Глаша плеснула ему виски в широкий стакан, и он выпил. Залпом. Потом снова принялся за еду.

– Да, сейчас… – Он, вспомнив что-то, встал, подошел к вешалке, на которой сушился его мокрый плащ, достал из кармана что-то маленькое и буквально вложил в руку Лизе. – Это вам. С этим я к вам и пришел.

На ладони Лизы лежала маленькая диктофонная кассета.

– Что это, Павел Львович?

– Вы поймите, я – публичный человек, но чтобы стать тем, кем я стал, мне пришлось пройти довольно долгий путь. Меня жизнь многому научила. И в первую очередь как себя обезопасить. Поэтому я записал все это на пленку. Как чувствовал. Не советую вам прямо сейчас прослушивать, потому что там все так мерзко и отвратительно… В деталях. Потом. А я расскажу вам сейчас так. Вкратце. Спасибо за еду. Вы, Глаша, просто ангел. Уверен, если бы каждая секретарша держала в холодильнике еду, мы все немного лучше бы работали. Мы же тоже живые люди.

Глафира унесла поднос с грязной посудой и остатками еды. Вернулась, села за стол, и Казанцев начал рассказывать.

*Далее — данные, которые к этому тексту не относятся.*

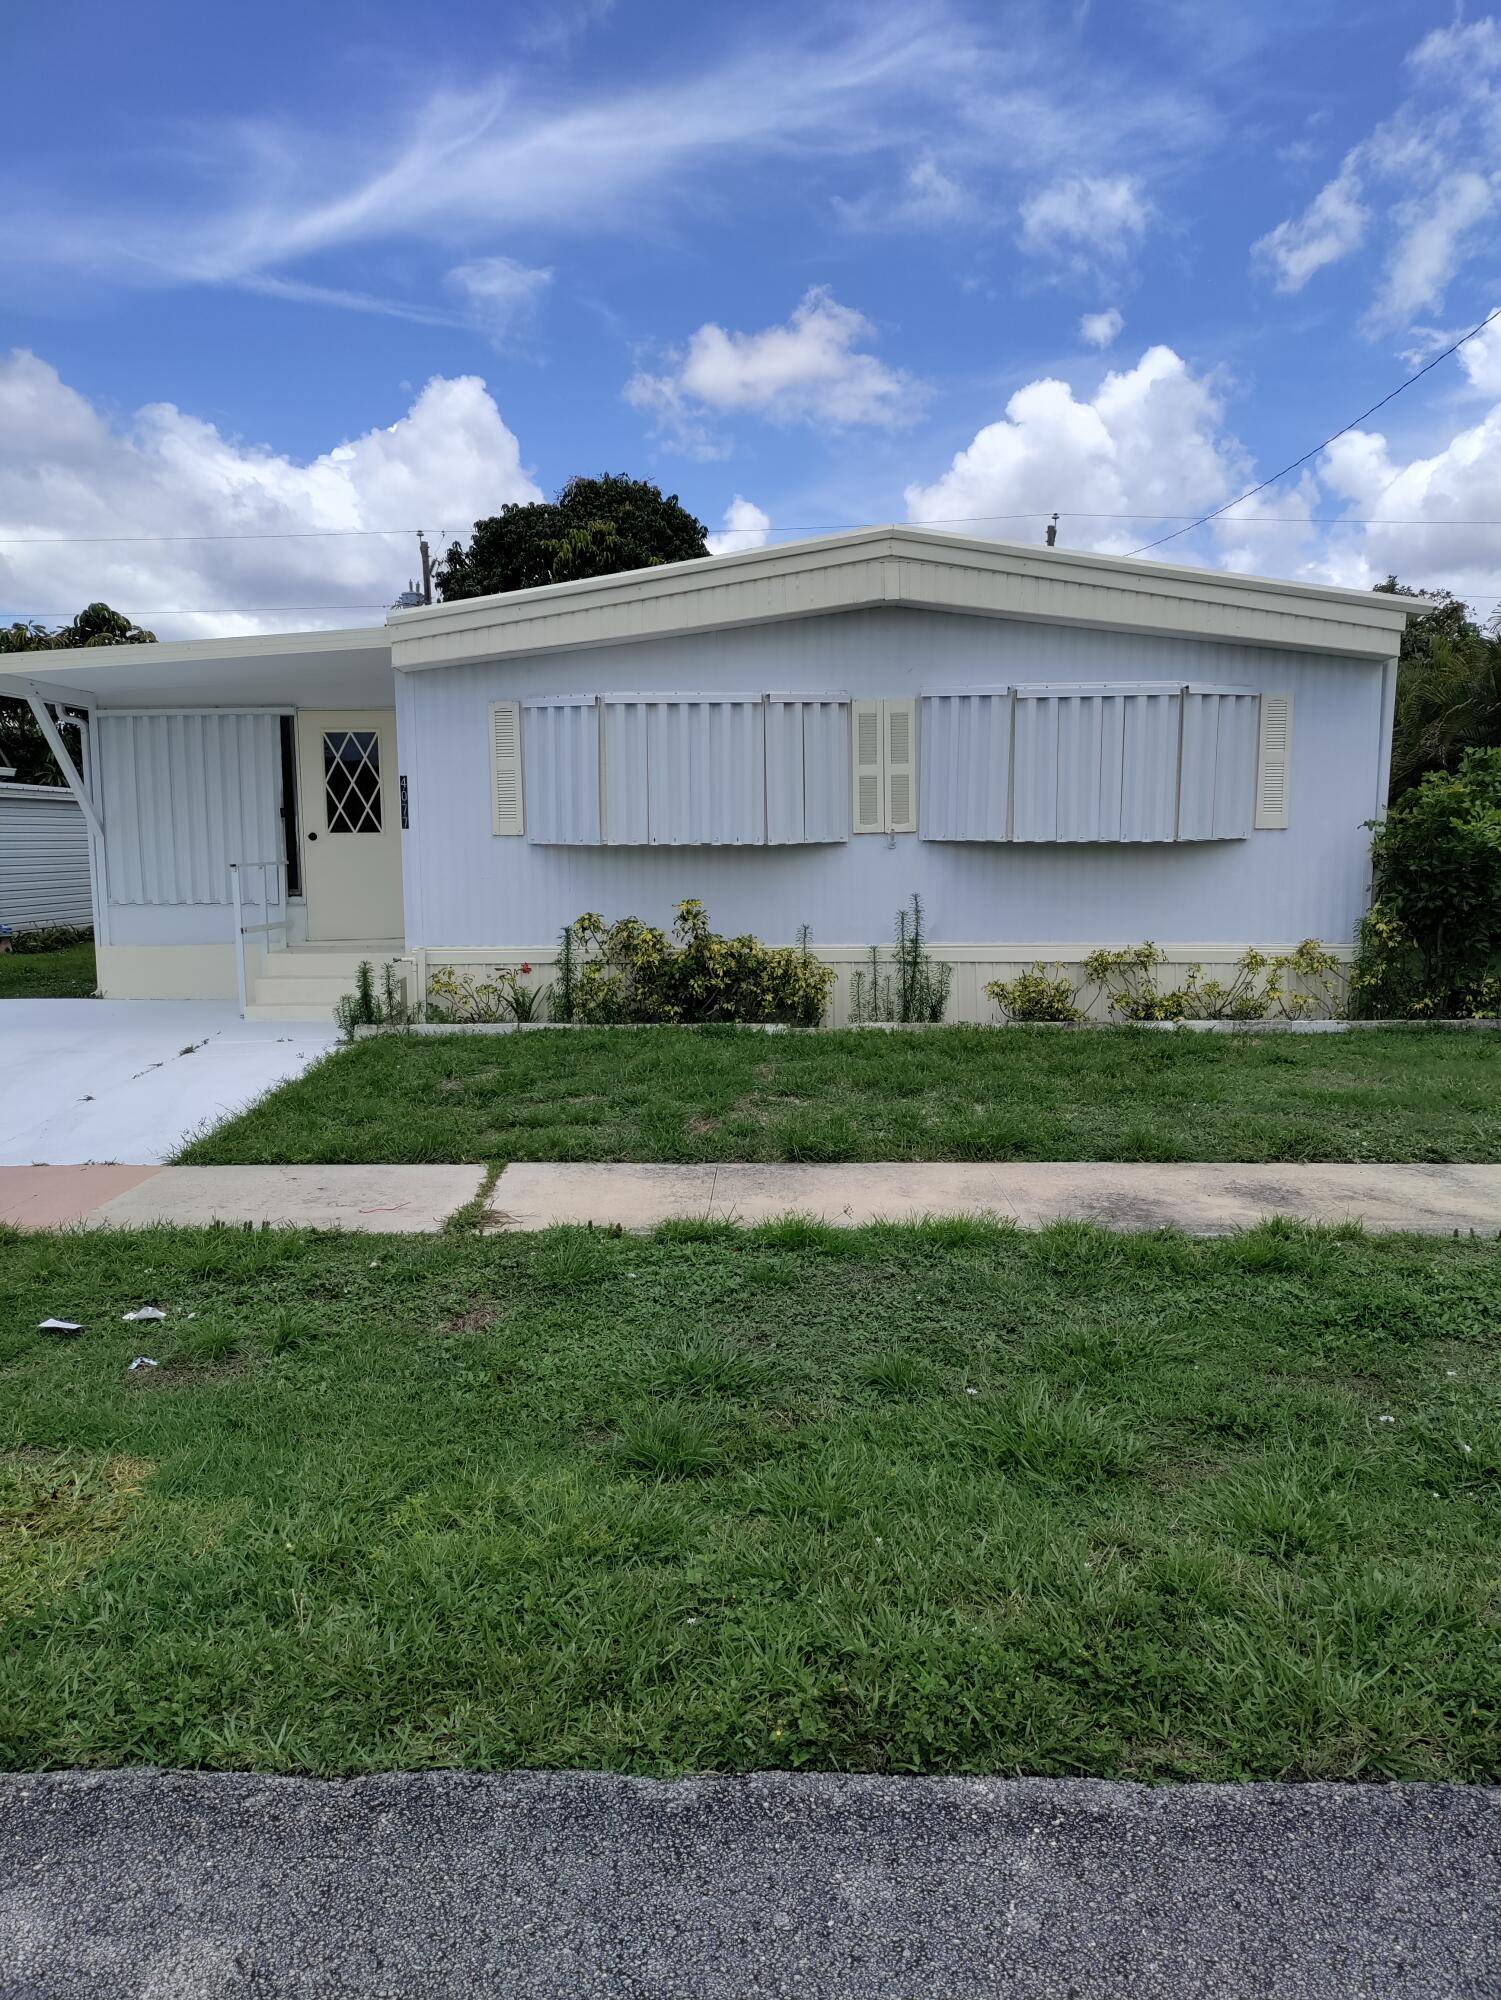 When you buy in Tropical Breeze the deeded lot come with the mobile home.

– Конечно, я долго не мог прийти в себя после смерти Милы. Моя реакция на ее смерть последовала незамедлительно, чего не скажешь об Ирине. Мне думается, что она еще не поняла, не осознала, что произошло, но когда-нибудь случится то, чего я боюсь больше всего, – до нее дойдет, что она никогда больше не увидит свою дочь… Они прекрасно ладили, Ирина просто жила Милой… Но сейчас не об этом. Просто я хотел сказать, что я, мужчина, должен был в этой ситуации оказаться сильнее, и пытался внушить себе, что с уходом Милы жизнь не останавливается, что у меня есть жена, которую я очень люблю, и мне надо ее поддержать, помочь ей справиться с горем. И я постарался взять себя в руки. Даже заставил себя на работе что-то делать, куда-то поехать, с кем-то о чем-то договариваться, принимать какие-то решения… правда, через муть… Все как в тумане. И вот когда я начал приходить в себя, к нам домой пришла Тина Неустроева и сказала, что она знает, кто убил Милу. И очень боится, что нас кто-нибудь подслушает, а потому решила перенести наш разговор на завтра, назначила мне встречу в парке, в очень тихом месте. Я, конечно, сорвался с места, отменил все встречи… Встретился. Мы сидели на лавочке и разговаривали. Вернее, говорила она. И то, что она сказала мне, просто убило меня.

Казанцев перевел дух, достал платок и вытер взмокший лоб и щеки.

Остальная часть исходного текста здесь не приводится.